7 Reasons I’d Give Boyhood the Oscar for Best Picture

2014 Boyhood drama film

2014 Boyhood drama film

It’s a great year for film. Think Benedict Cumberbatch in the Imitation Game; Julianne Moore’s acting in the weep-a-thon that was Still Alice. The brilliant Selma and Birdman for everything. But it was Boyhood that stole my heart.

Richard Linklater’s story of a boy growing up before our eyes was filmed annually, a few weeks at a time, over a 12-year period. In our immediate gratification world, the fact that Linklater’s actors, his backers, his team were willing to commit like that — that’s special. As a creative (and risky) venture, Boyhood gets 5 stars.

But honestly, I didn’t fall for a process. I fell for a story. Here’s seven reasons why Boyhood is my pick for Oscar’s best picture (spoiler alert, will reference specific scenes):

  1. Boyhood didn’t try to push our emotional buttons. A whole host of movies do that to you; the grief and agony and joy are signaled loud and clear (cue tragic music, long tortured stares into the abyss). There was none of that in Boyhood. It was the quiet unfolding of a boy’s story to be taken as you would.

  2. Those early childhood scenes slayed me, perhaps because they were me. If you’re lucky, your first encounter with death will be coming upon the still form of a lifeless wild creature. But just because you’re strangers doesn’t make it any less momentous. Mason found a dead bird; for me it was a dead squirrel. (I still remember where we buried our squirrel, in the alley behind Sarah B’s house. We said a “Hail Mary” and were surprised at the adults’ reaction. We thought they of all people would understand the need for ritual.) And then there’s the kid who bikes after Mason’s car, when he’s moving that first time. I’ve been that kid. Linklater nailed a child’s unspoken heartache with one glance from a moving car at the figure left behind.

  3. The film reminds us how arbitrary adult decisions can seem to a child. How basic evidence goes ignored. How strange and incomprehensible we grown-ups are, sometimes. We forget that sometimes. It’s good to remember. Especially if you’re a parent, a teacher, someone who’s around kids a lot. To little ones, we’re all powerful, even if we don’t feel that way in real life.

  4. Mason’s parents were as real as it gets. Remember the conversation in the car when the kids call their dad out on his lame questions? Brilliant on all fronts (Because there’s no better way to build trust with your kid then admitting when you’re wrong). And Patricia Arquette, how tired she looked sometimes, working hard and studying for that better life. That’s a big old chunk of motherhood. She was imperfect and snappish and she loved her kids. Um, get that.

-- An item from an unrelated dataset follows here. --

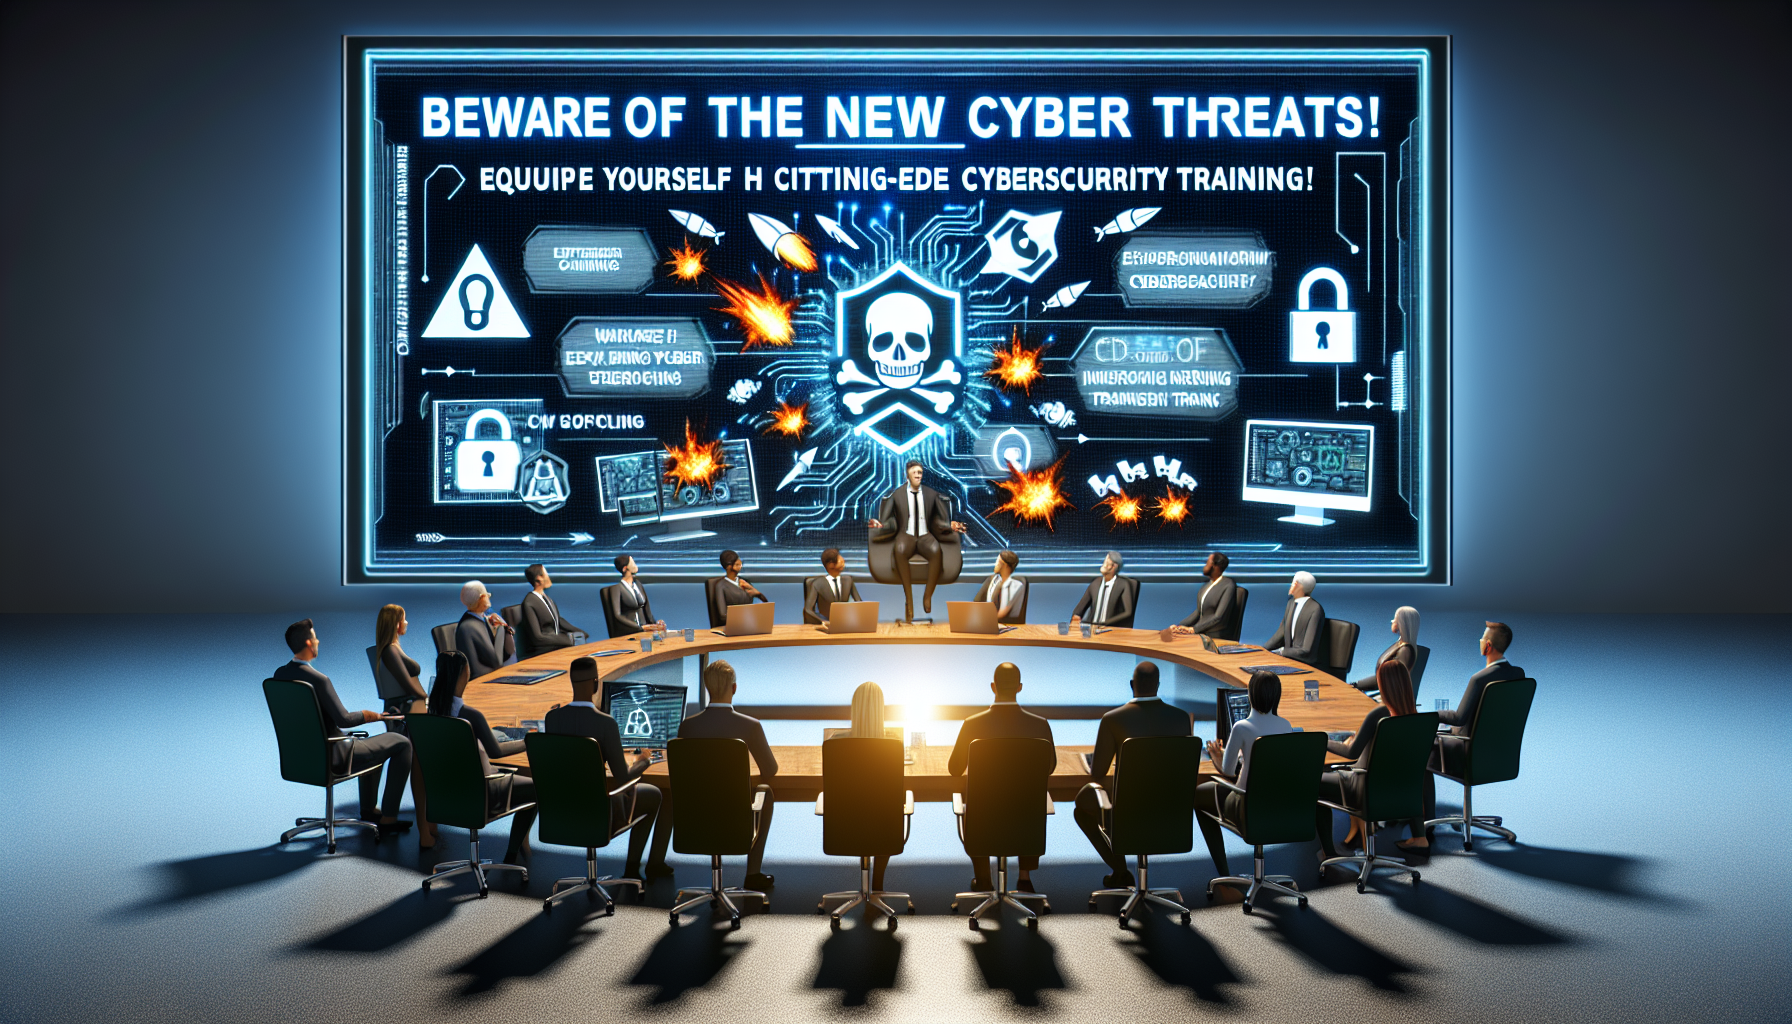 découvrez les nouvelles menaces en cybersécurité et apprenez à les contrer grâce à notre formation en cybersécurité. protégez votre entreprise des risques cybernétiques avec nos experts.

  5. There was a gun scene and it was actually kind of tender and while I really, really don’t like guns, it shone another light on a gun culture I know very little about. In the scene, Mason’s step-grandfather gives him a gun for his birthday and you can tell the older man is sharing something treasured. I didn’t identify with the scene or the hunting that followed. But the film gave me a glimpse of why some do.

  6. This film celebrates all kinds of ways to go to college. Mason’s mother makes some seriously bad choices, but going back to school is one of her best. And later, her off-handed complement sends a laborer to his community college, and next we see him he’s in management. I wondered too, if Linklater was making a small but careful statement about when and why we go to college. Mason and his sister expect to go; we see them enjoying the social side. Mason’s mother and the laborer go because they understand it can change their lives. They know the alternative.

  7. Finally: the film itself felt as real as… well, real life. Maybe more so. Bear with me. In his book The Night of the Gun, the late, great David Carr writes about the faultiness of memory; that “it is the memory we are recalling when we speak, not the event… people can remember what they can live with more often than how they lived.” In Linklater’s film, we got to see how a boy lived. It felt as though we were there with Mason in real time: there through the ugliness of life with a controlling alcoholic, the bravado needed to survive early teen-hood, the heartache of a first breakup. It was as intimate as a film can be. Yes, I know Boyhood was fiction. But fiction must ring true for us to believe it and in Boyhood, there was not a single false moment. It was Mason’s story, unvarnished, ours for the watching.

Some people complain that nothing happened in Boyhood. You guys. A boy grew up and we got to see it. What could be more stunning than that?